# Häufung von Leitungen in der Elektroinstallation



## Toddy80 (12 November 2008)

Hallo,

habe mal wieder eine kleine Frage.
Bei der Auslegung von Leitungen muss man ja immer die Häufung berücksichtigen. Habe eine gelochte Kabelrinne mit ca. 100 NYM-Leitungen. Diese Leitungen versorgen nur Kleinverbraucher und Steckdosen mit jeweils einem PC dran. Wenn ich nun die Häufung berücksichtigen würde, darf ich fast nix mehr über die Leitungen übertragen.
Oder reicht die Annahme aus, dass nie eine hohe Leistung gleichzeitig angeschlossen ist.

Bei einem normalen Haus ist es ja ähnlich. Da liegen bei der Einführung zum Sicherungskasten auch alle Leitungen gehäuft. Allerdings werden hier fast alle Stromkreise mit 16A abgesichert.

Gruß

Toddy


----------



## jabba (12 November 2008)

Vieleicht hilft dir das weiter 
http://www.de-online.info/service/erfa/a_de-eb01.html


----------



## Homer79 (13 November 2008)

Hallo,

in der DIN VDE 0298-4 steht, das wenn ein Leiter mit einem Strom nicht gößer als 30% seiner Belastbarkeit bei Häufung belastet wird, ist es zulässig ihn bei der Häufungsberechnung zu vernachlässigen.

Deswegen wird gerade im Wohnungsbau nicht unbedingt viel auf die Häufung geachtet, denn was fliessen denn für Ströme in einem normalen Schlafzimmer oder Kinderzimmer, Bad (nicht Waschmaschine oder Trockner, da einzeln und mit 2,5mm² verlegt).

In der Industrie siehts ein bissl anders aus, aber selbst hier (zumindestens bei uns) wird noch nicht jede Leitung mit Vollast betrieben...

Viele Grüße


----------



## Toddy80 (13 November 2008)

Hallo,

danke für die Antworten. Also kann ich die Leitung wie gehabt mit 16A absichern. Würde die Leitungen sonst auch mit weniger absichern, allerdings werden dann LS so teuer.

Zur Leitungsbelastung:
- an 20Ltg. werden PC's hängen mit jeweils max. 100W
- an 20Ltg.  Rohrmotoren für Raffstore hängen
- an 20Ltg. nur ein 24V Netzteil
- an 20Ltg. wird die Beleuchtung hängen mit jeweils max. 300W
- an 20Ltg. hängen normale Steckdosen für Schreibtischlampen


Gruß

Thorsten


----------



## Tobi P. (13 November 2008)

Servus!

Kleine Ergänzung von mir. Wer pauschal



Toddy80 schrieb:


> fast alle Stromkreise mit 16A abgesichert.

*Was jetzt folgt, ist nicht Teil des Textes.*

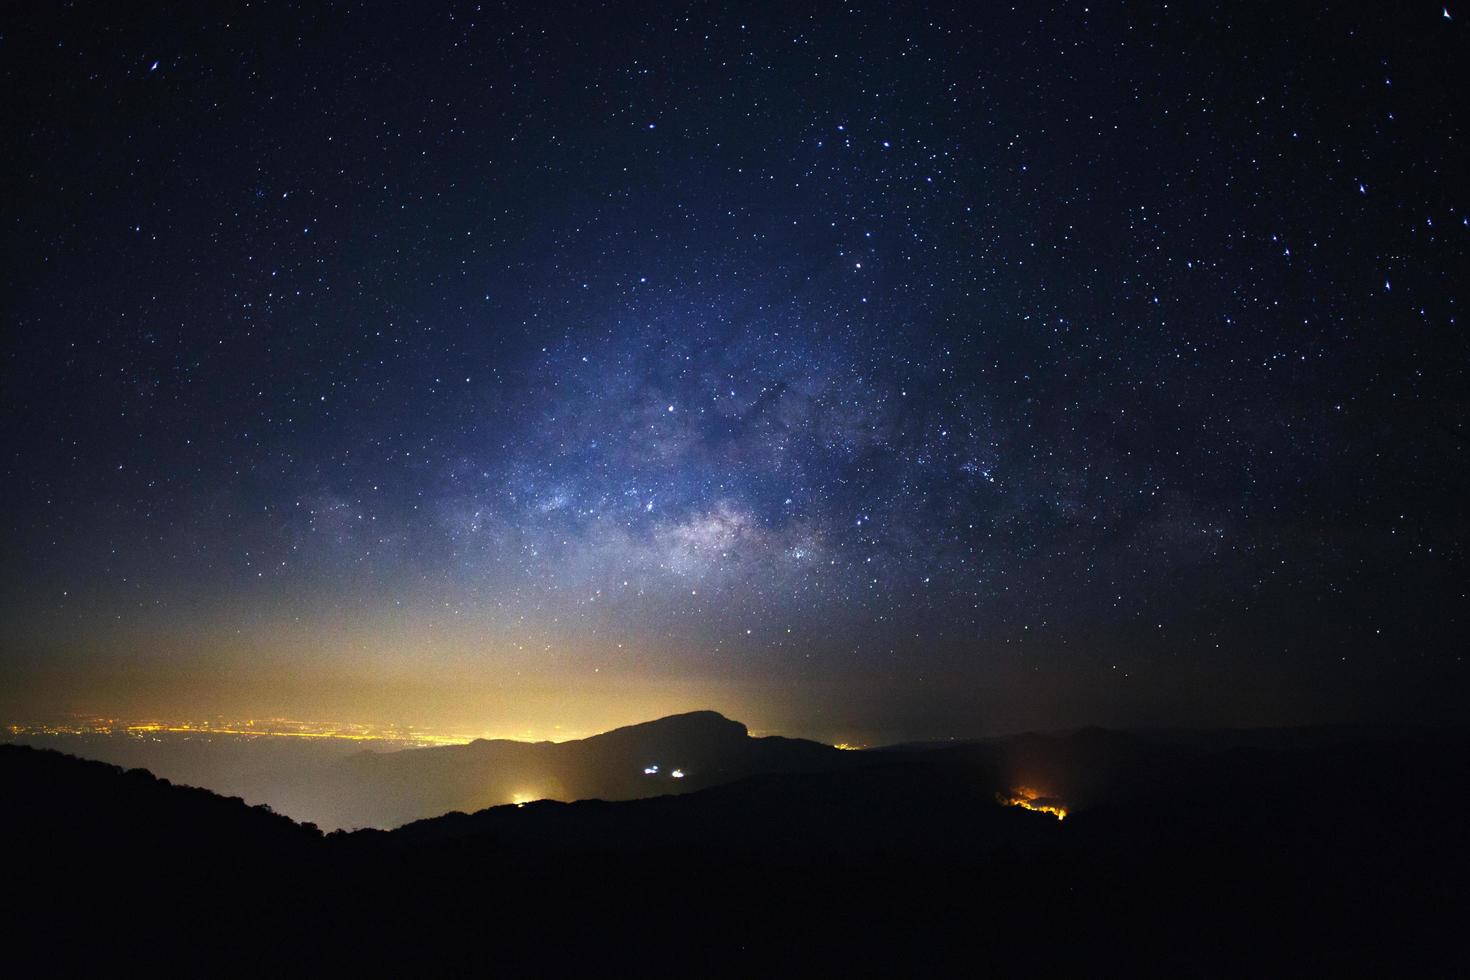 mjölkig sätt galax med ljus stad på doi Inthanon chiang maj, thailand.lång exponering fotografi.med spannmål foto

ohne die tatsächliche Belastung des Stromkreises zu berücksichtigen bzw. andere Faktoren wie z.b. den altbekannten Lichtschalter zum abschalten der Terassensteckdose - da steht bei genauerem hinsehen nämlich zu 99% 10A drauf - hat keine Ahnung von seinem Job. Gerade bei Schukosteckdosen bietet sich die Absicherung mit 13A an, dann ist nämlich oftmals auch noch die Verwendung von 1,5mm² möglich (bei 16A ist das oftmals nicht mehr drin) und der Überlastschutz ist ebenfalls besser. Warum also höher absichern als nötig? Weil die LSS weniger kosten? Das ist kein Argument 


Gruß Tobi


----------



## Toddy80 (15 Januar 2009)

Aber ich kann es nicht vermeiden, dass die Steckdosenstromkreise mit mehr als 30% belastet werden. Das ist in meinen Augen schon eine sehr seltsame Regelung. Werde standardmäßig 2,5mm² legen und die dann mit 16A absichern.

Gruß


----------



## Homer79 (16 Januar 2009)

> Aber ich kann es nicht vermeiden, dass die Steckdosenstromkreise mit mehr als 30% belastet werden. Das ist in meinen Augen schon eine sehr seltsame Regelung.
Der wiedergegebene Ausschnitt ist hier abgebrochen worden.